Deputies often do not know if individuals they encounter have ASD. Information is key in helping deputies respond safely and effectively. Although all deputies in the HCSO receive training on ASD, it is helpful having personal information on the person with ASD they are interacting with, e.g., triggers to avoid, behaviors to expect, communication tips, etc. Information is also obtained on family members and caregivers in case a deputy needs to contact them. To participate in this program visit: www.harriscountycit.org. At the top of the homepage select the tab “Project Guardian.”

The Harris County Water Control & Improvement District No. 36 (W.C.I.D. No. 36) was one of the most helpful booths to visit. General Manager of the District, Regina Duncan, and her team provided a wealth of helpful information. Pamphlets that explained how to not waste water, to reduce your water bill, were eye-opening to residents. The District operates water and sanitary sewer facilities to serve its residents of Cloverleaf inside the area of zip code 77015. It has 13 employees, 7 in the office, 6 in the field and 5 elected Directors.

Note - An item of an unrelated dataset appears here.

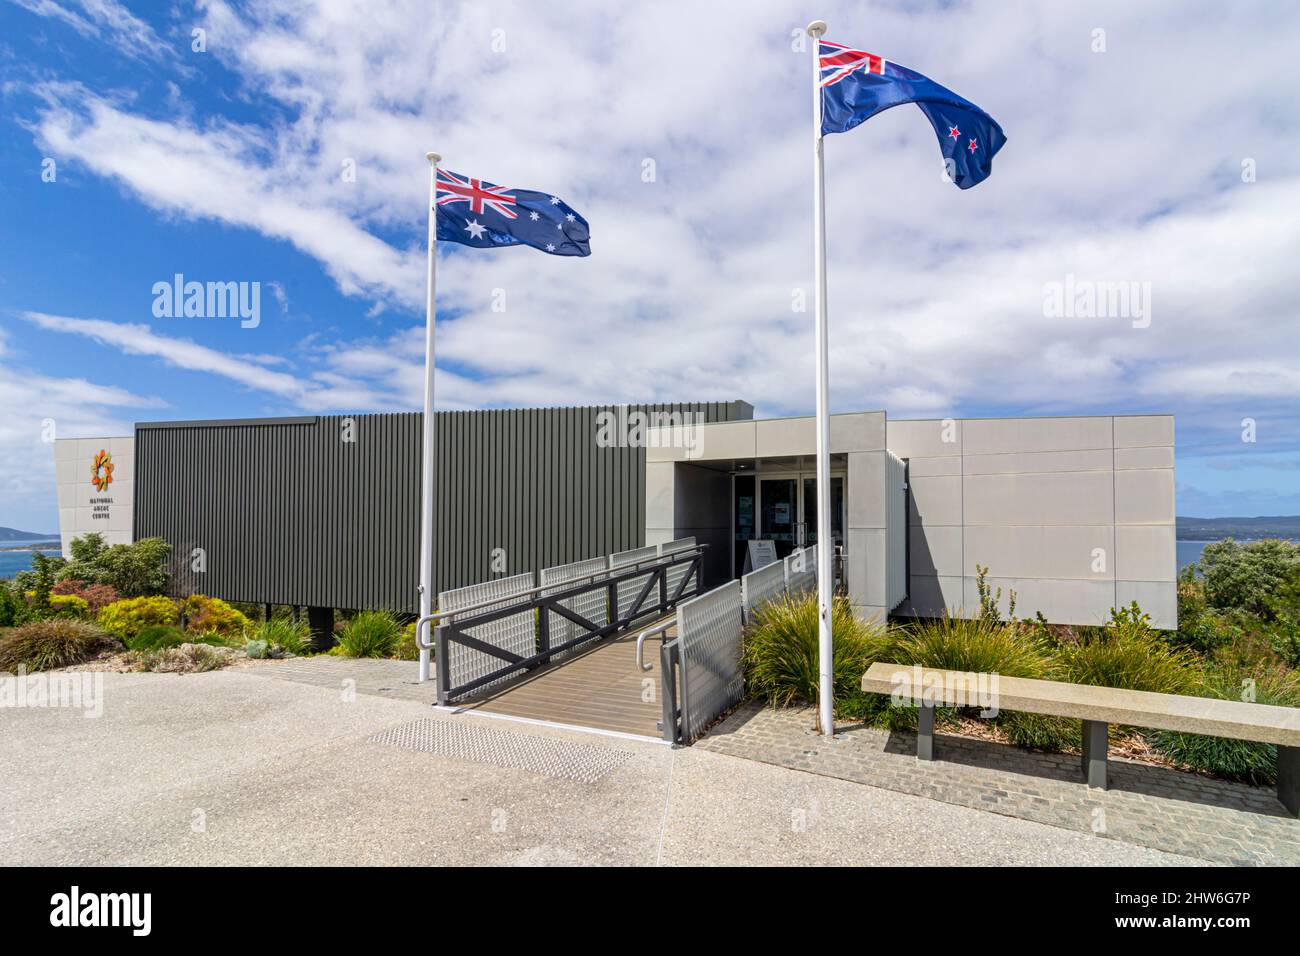 National Anzac Centre, ein modernes Museum zum Gedenken an die ANZACS des Ersten Weltkriegs, Albany, Western Australia, Australien Stockfoto

“Harris County W.C.I.D. No. 36 mission is to operate the District in a manner that meets or exceeds regulatory requirements. We will maintain the District in a way that protects the public health and ensure the financial stability of the District which benefits our entire community. Our objective is to give the best quality service to all of the respected and appreciated customers of Cloverleaf.”

W.C.I.D. No. 36 participates in the Texas Water Smart Project. To learn how to conserve water, visit www.texaswatersmart.com, and the Take Care of Texas project, a statewide campaign from the Texas Commission on Environmental Quality, at takecareoftexas.org.

The first responders event was well planned and attended, and the co-coordinators and planners kept everyone interested and safe from both the virus and the heat. Some of the organizers deserving recognition were: Donnie Onnen, Luz Lopez, Paul Lachapelle, Karla Green, Marie Adediran, Pastor Luis Larrinaga, Sgt. Jose Gomez, Deputy Coordinator Ashley Schubert, Deputy N. Powell, Deputy Shirvonti Guidry, and Deputy William Howard. The local Walmart stores gave away the prizes from the drawings.